Я делался все раздражительнее. Я подолгу спорил сам с собой, но давно уже пошел по кругу. Я спрашивал себя: почему бы и нет? Несомненно, это уникальная возможность. Никогда еще историку не выпадало счастье проверить прошлое на ощупь, выбрать определенный момент для изучения его воочию, писать о прошлом со всей беспристрастностью современного ученого и со всей скрупулезностью очевидца, знающего, вдобавок, куда и на что смотреть. Почему ты не хочешь воспользоваться Эйч-Эксом-1, Ходж, и увидеть все сам?
   Но что-то восставало во мне. Что? Страх? Неловкость? «Субъективный фактор» Эйч-Экс-1? Суеверное чувство, что я суюсь в некие запретные области, где человеку с его слабостями нет места? «Ты не должен ничего упрощать. Обещай мне.» Да, Кэтти была прелесть. Она жена мне, и я ее люблю, но она — не ученый и не оракул. Что заставило ее сказать это? Женская интуиция? Красивая, веская фраза — но что она значит? И разве у Барбары, которая сразу же предложила мне воспользоваться Эйч-Эксом, женской интуиции нет?
   Не раз и не два я пытался направить наши разговоры с Кэтти в этом направлении — и всегда позволял им перескочить на иные темы. Что проку было расстраивать ее? «Обещай мне». Но я не обещал. Я должен был решить это для себя сам.

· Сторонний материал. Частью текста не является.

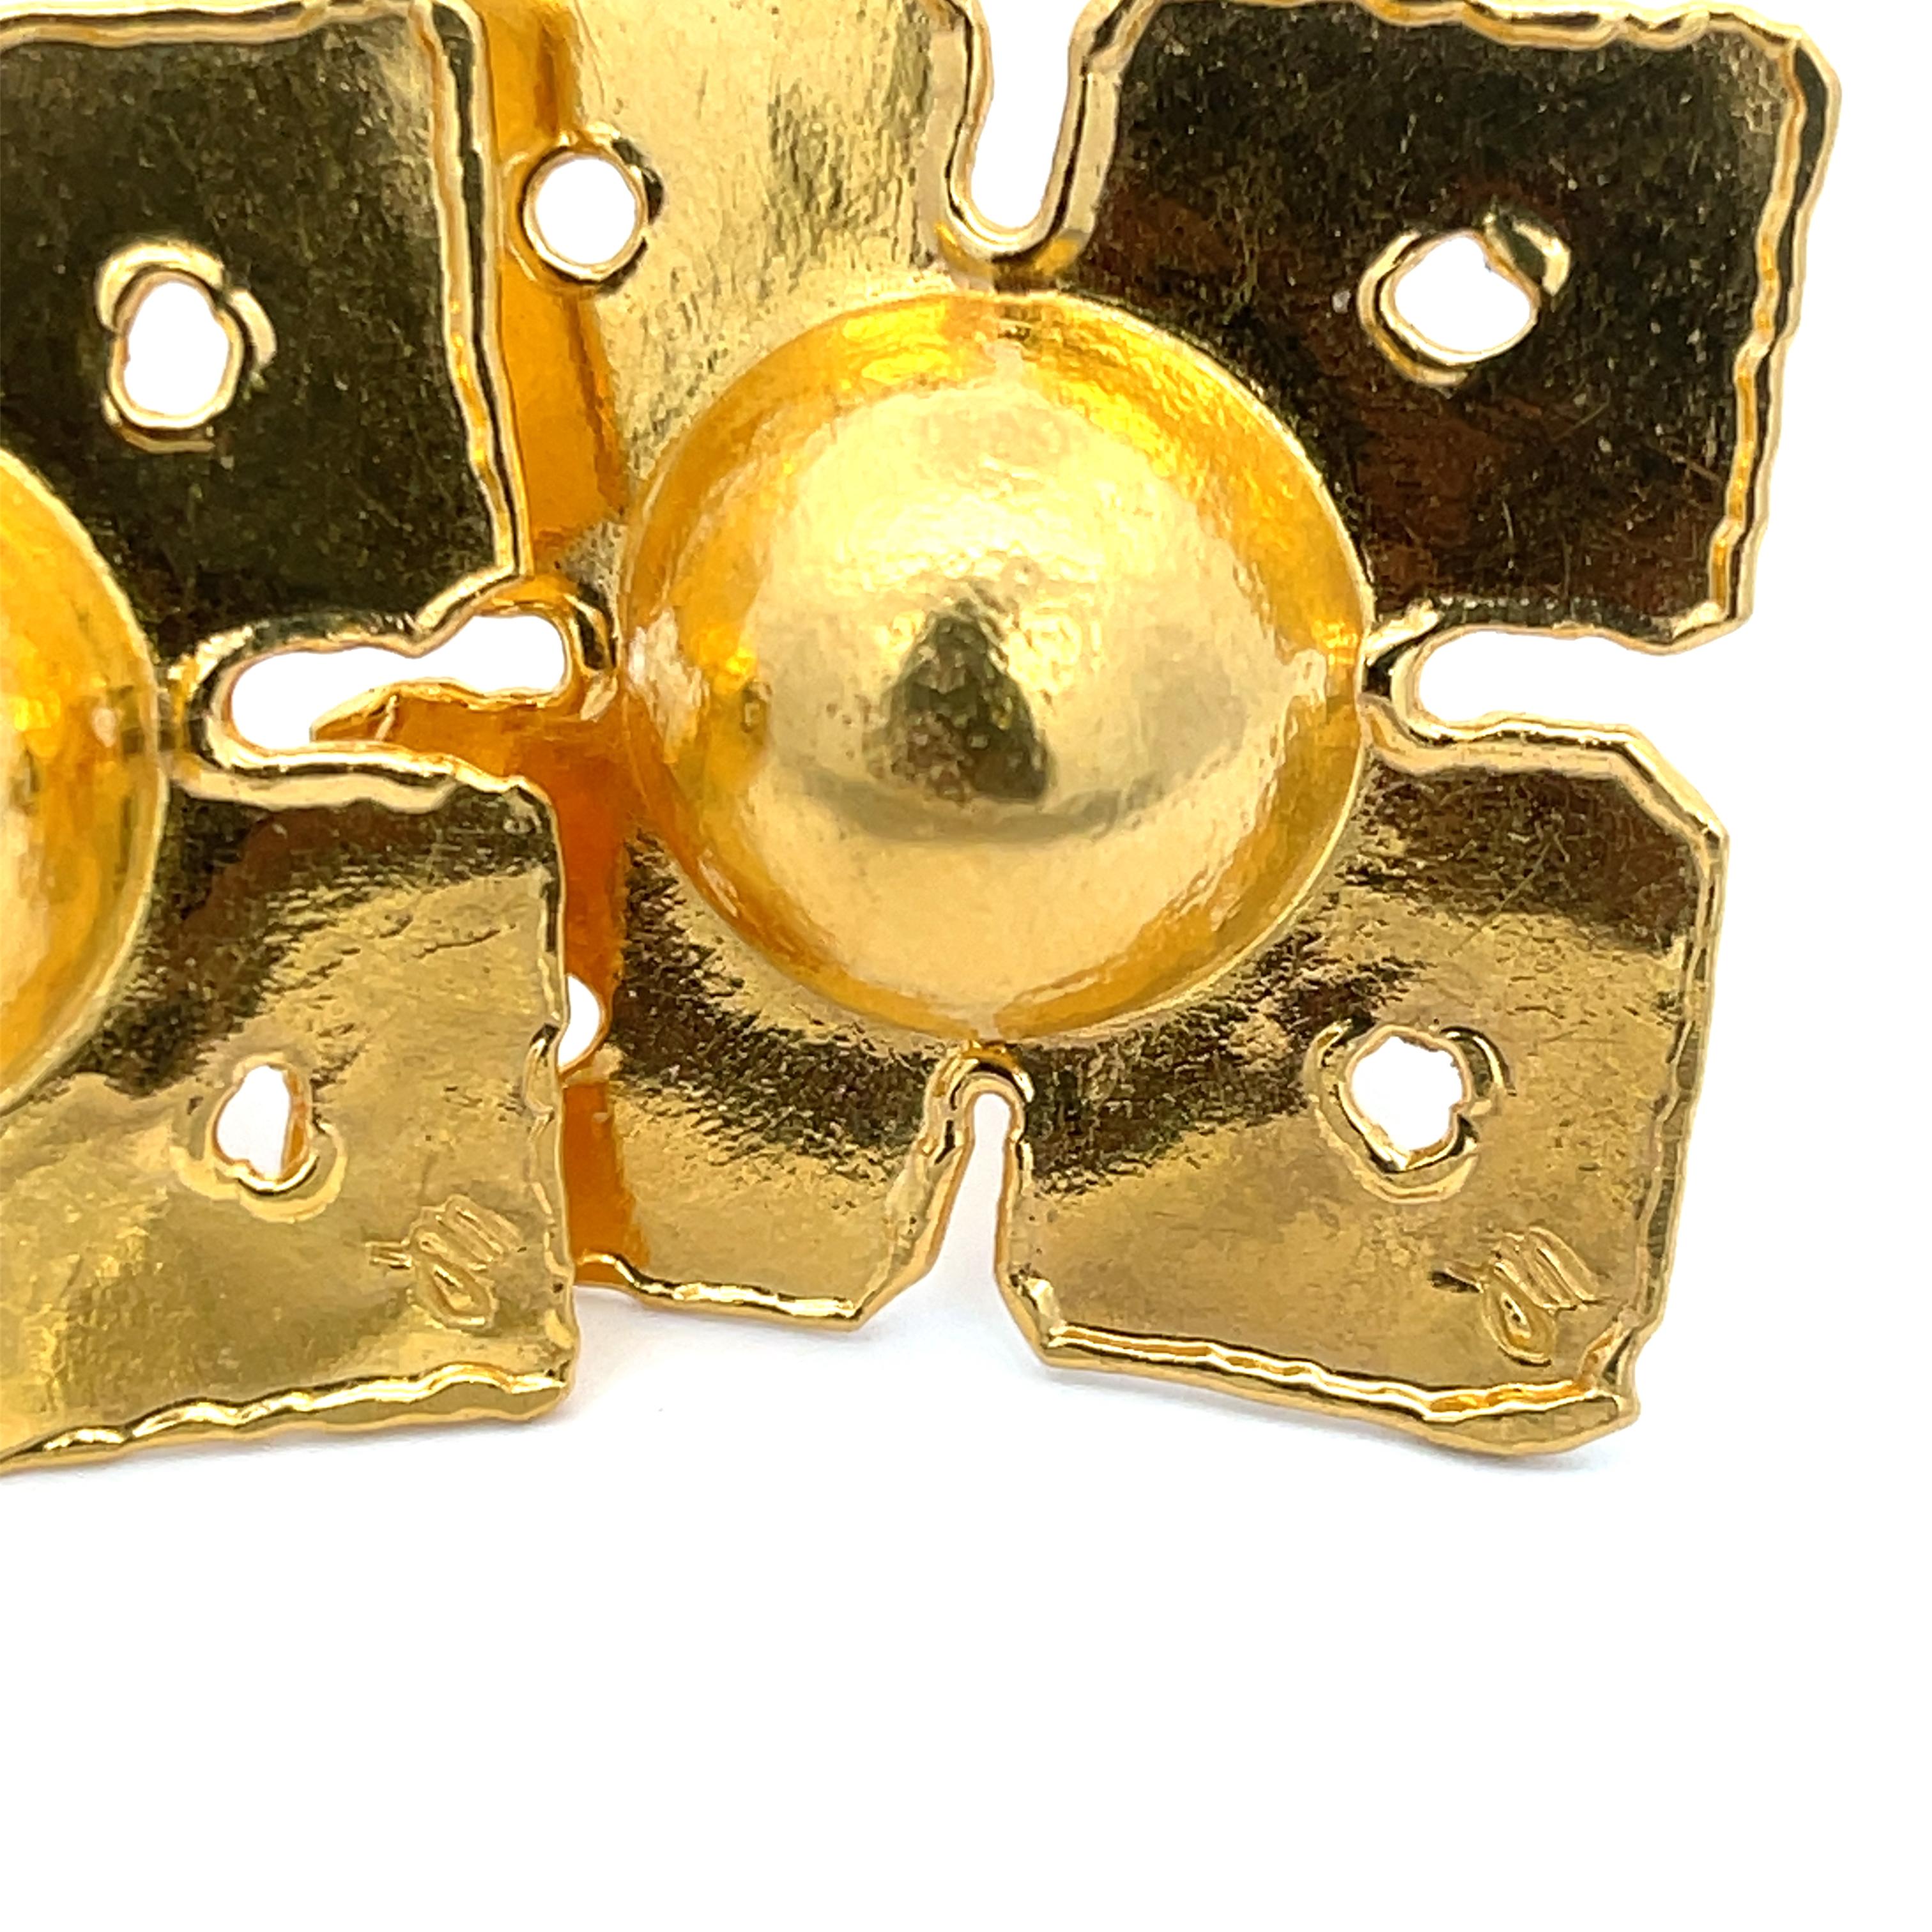 Jean Mahie Square Clip-On Earrings in 22K Yellow Gold. The earrings are about 1 inch by 1 inch in dimension and weigh 18.2 grams. Hallmark JM and 22K.

   Чего я боялся? Никогда не имея дела с точными науками, не подозревал ли я чего-то одушевленного в работающих на их основе машинах, и не трепетал ли, как дикарь, перед таящейся в них магической силой, недоступной моему пониманию? Но ведь на работу Эйч-Экс-1 действительно оказывали влияние некие субъективные факторы. Я никогда не считал себя ограниченным, но сейчас напоминал себе девяностолетнего профессора, которому вдруг подсунули пишущую машинку вместо старого доброго гусиного пера.

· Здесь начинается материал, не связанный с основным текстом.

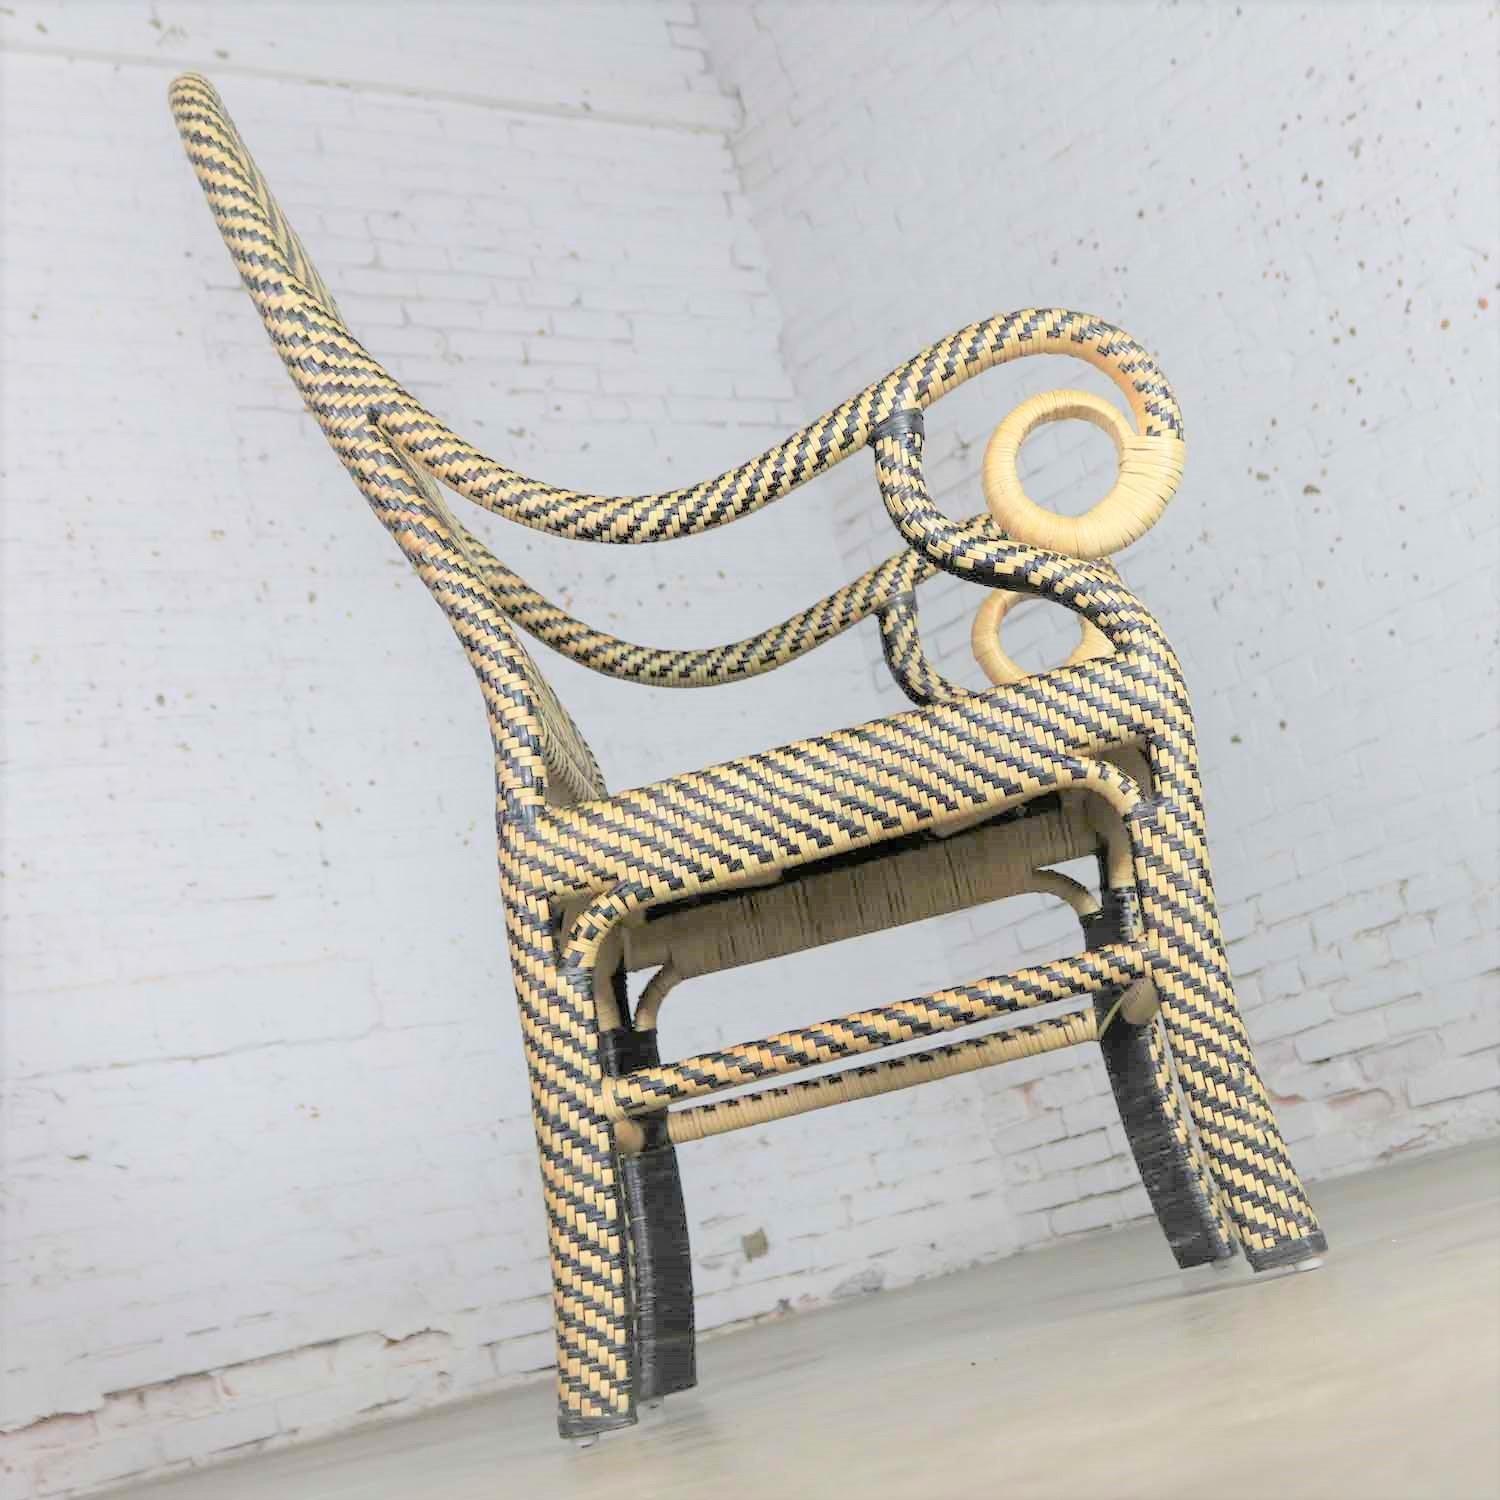 20th Century Two-Tone Chevron Pattern Rattan Wicker Tall Back Chair with Spiral Arms

   Я вспомнил Тисса. «Вы принадлежите к созерцателям, Ходжинс». И, раз вызвав этого человека из глубин памяти, я теперь не мог избавиться от ощущения, будто нескончаемо слышу его до тошноты знакомый, сардонический голос: «Ну что вы дергаетесь, Ходжинс? В чем смысл этого самокопания? Разве вы не знаете, что выбор уже сделан? И что вы уже действовали в соответствии с этим выбором бессчетное количество раз, и будете бессчетное количество раз действовать так же? Успокойтесь, Ходжинс, вам не о чем волноваться. Свобода воли есть иллюзия. Вы не в состоянии принимать каких-то новых решений — хотя полагаете, будто только этим и заняты».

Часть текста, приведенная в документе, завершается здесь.